Let's say we have HIPAA protected data (note: HIPAA is a policy that protects health data for people. It requires extra security so you can't leave data around on your local computer.) Often times it will be the data we'll leave on an external computer that we need to communicate with. We can do this through the CL.

In a simpler case, command line can provide an easy to install libraries and software.

When we do this with Python we often use a tool called pip or in the case of the anaconda distribution we use conda.

#### KNOWLEDGE CHECK: SHARE OUTLOUD

Does anyone want to share their experience with command line tools or tools that resemble command line from their day to day work?

#### Let's conda install a library

Here we will checkout a popular Python library for parsing HTML/XML called Beautiful Soup:

conda install beautifulsoup4

#### PYTHON PACKAGES

Python has a very rich set of libraries and community support, which is related to its reputation as a glue language, meaning that it is great at glueing several pieces of software together, and as having B+ performance across the board. 

Some of the most well known:

- Requests
- Scrapy
- wxPython
- Pillow
- SQLAlchemy
- BeautifulSoup
- Twisted
- NumPy
- SciPy
- matplotlib

#### REAL WORLD APPLICATION: HOW DO WE PICK A LIBRARY?

This questions doesn't have a simple answer, but we can list out some factors to look for:

##### How do I find a library that I need?
- Look at PyPi or another source that lists libraries and their uses
- Look on stackoverflow for the issue you are trying to solve and see what libraries are used in solutions
- Ask a friend

##### How do I choose an appropriate library?
- Decide whether you need the library in the first place
    - If you only use a small portion of the library the instability of library upgrades may far out weigh the work of writing some code yourself
- Does the library do what I need?
  - Seriously, read the documentation first, a first impression isn't enough
- Is there community support?
  - See how many questions are asked about the library on stackoverflow
  - When was the last update made?
  - Libraries can die without community support, not a good thing to rely on
- What common issues do people complain about?
  - Do those issues affect my project?

## BREAK

#### Re-Intro to Git
Objective: Get enough comfort with git to use it for class and create a GitHub repo
- Git is a way of tracking changes we've made to our programs and go back in time to fix errors. 
- It is also a powerful tool for collaborating with colleagues allowing you to work on different aspects of the project simultaneously and merge all the changes together seamlessly. 
- There are lots of ways to use git one common tool is Github.

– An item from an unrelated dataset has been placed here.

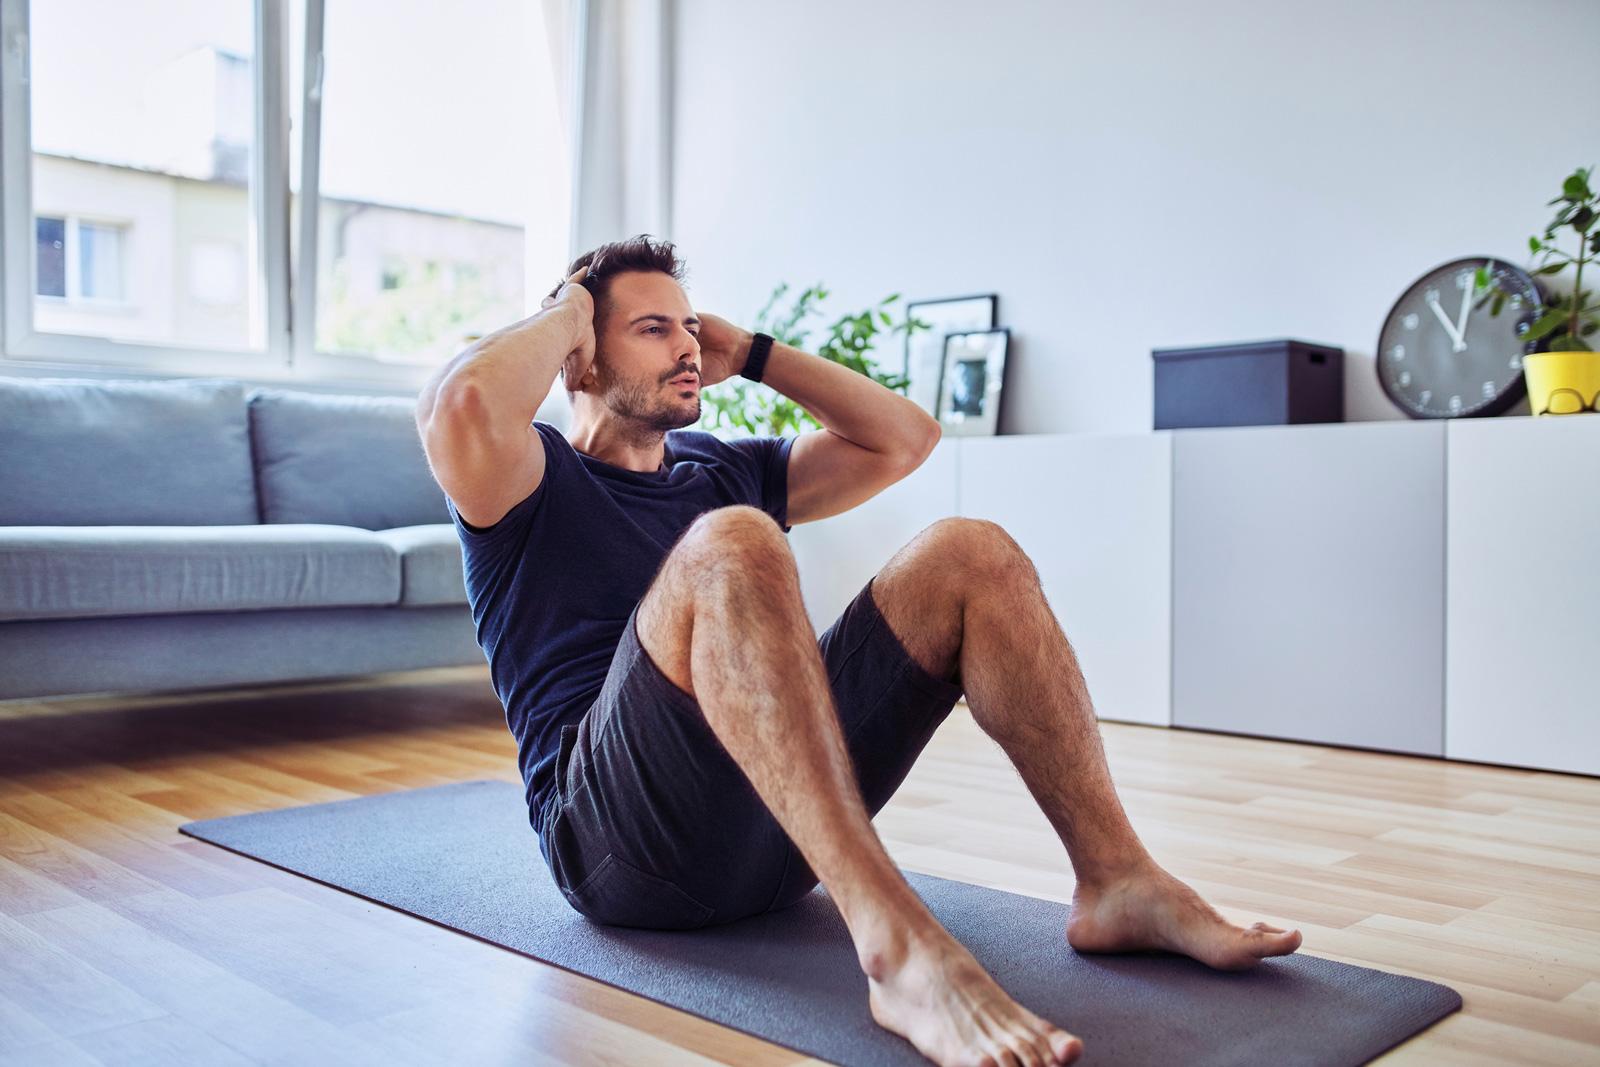 Bauchmuskel-Training: Hier ein ausgeführter Sit-up, eine ähnliche Übung zu Crunches.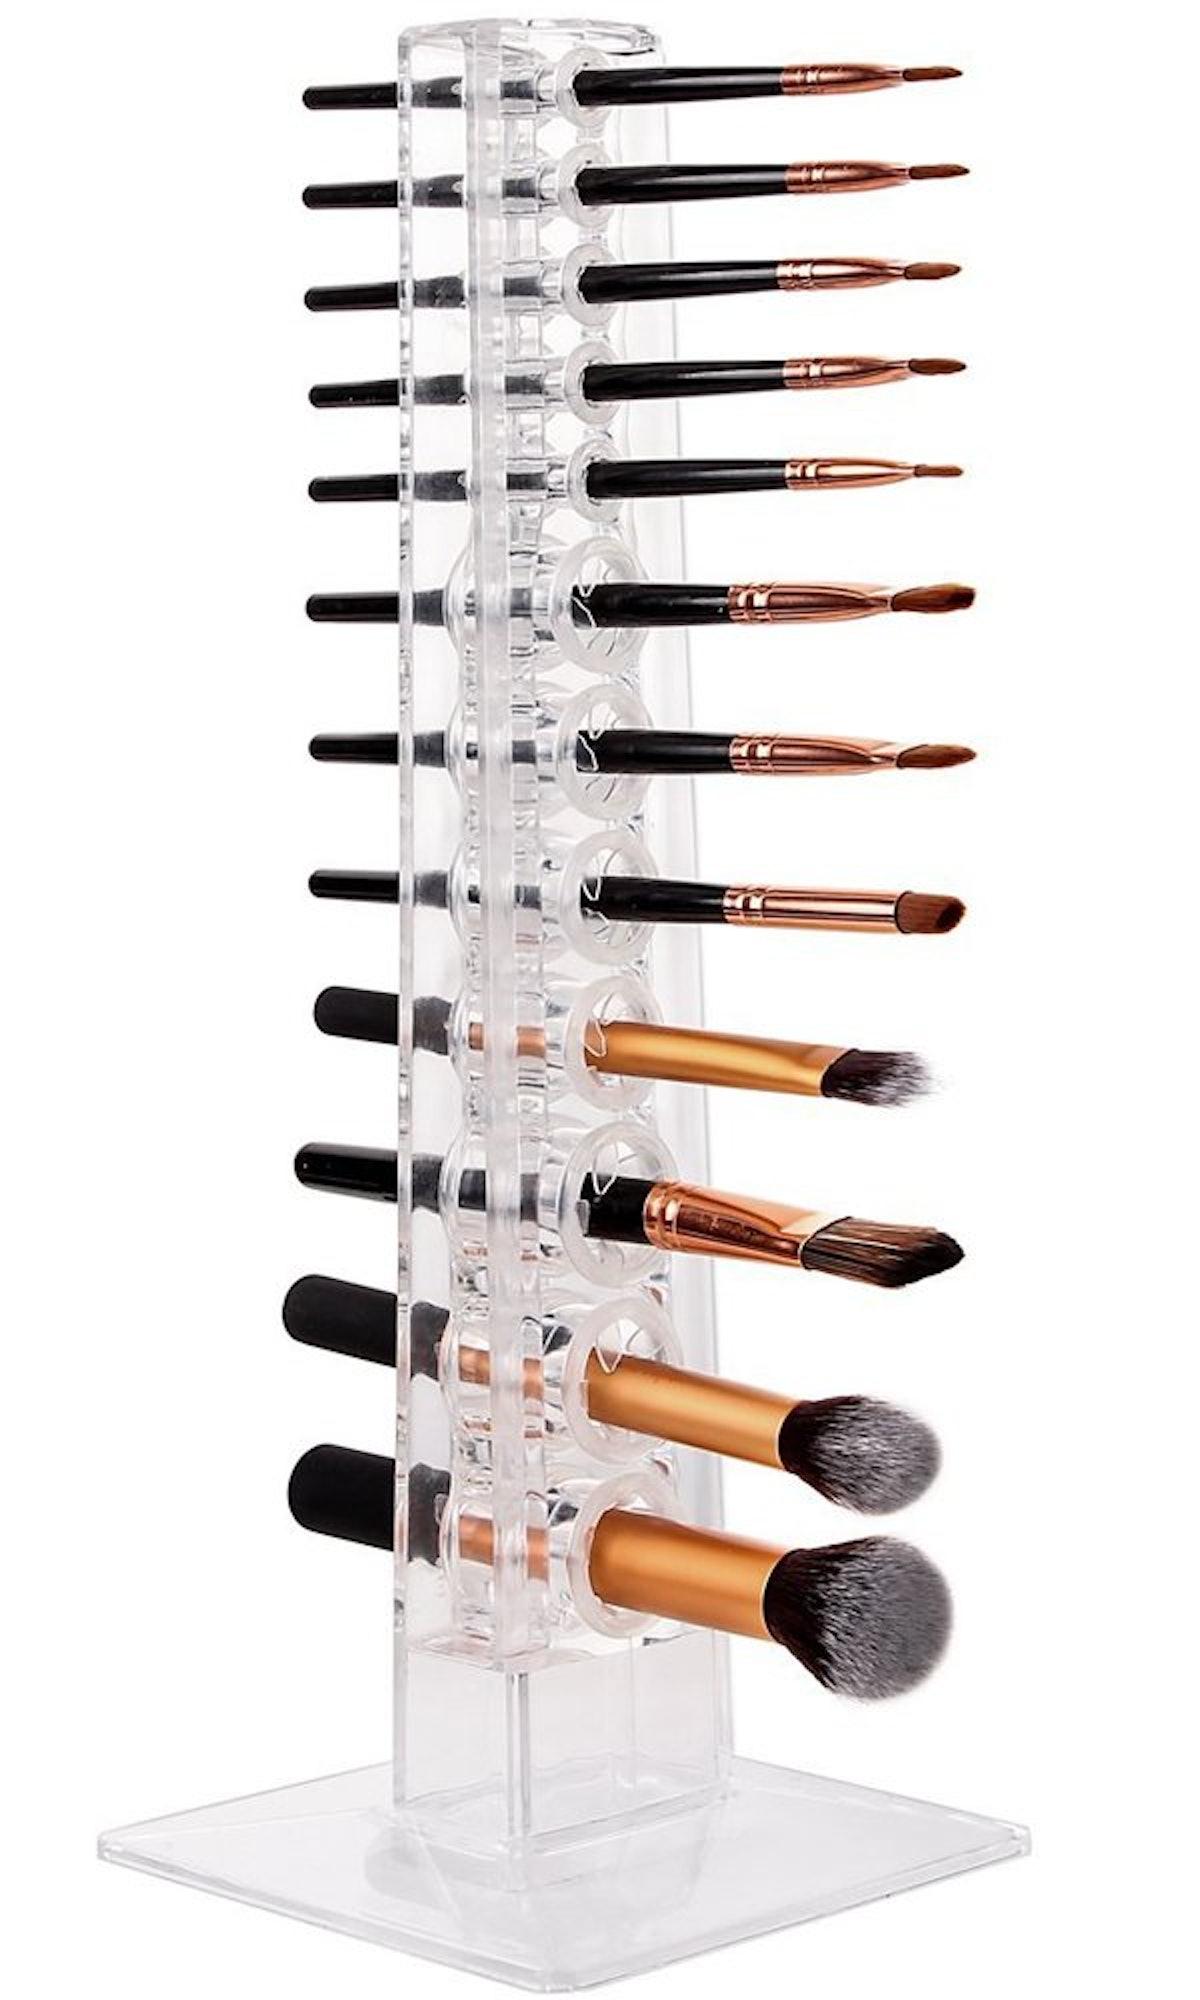 MAKARTT Makeup Brush Holder

#### Let's learn how to get copies of our repository
(No need to follow along if you've already done this and get it. Help out your classmates!)

Our repo is stored at https://github.com/ga-students/DS-DC-14

- We need to get a link from that website that tells us how to access the repo
  - https://github.com/ga-students/DS-DC-14.git
- Navigate to a directory where you want the DS-DC-14 folder to be copied, the default directory in terminal is probably home or my documents
- run the program git with the argument clone followed by the repo
  - git clone https://github.com/ga-students/DS-DC-14.git
- Enter username and password (the password is invisible when you type, its ok if you type and nothing shows up)
- You should now have a copy of of DS-DC-14/ in the working directory you started in

Note:
- Clone set up up a lot of options for you in the background, such as telling git where to find updates in the future

#### How do we update the repository?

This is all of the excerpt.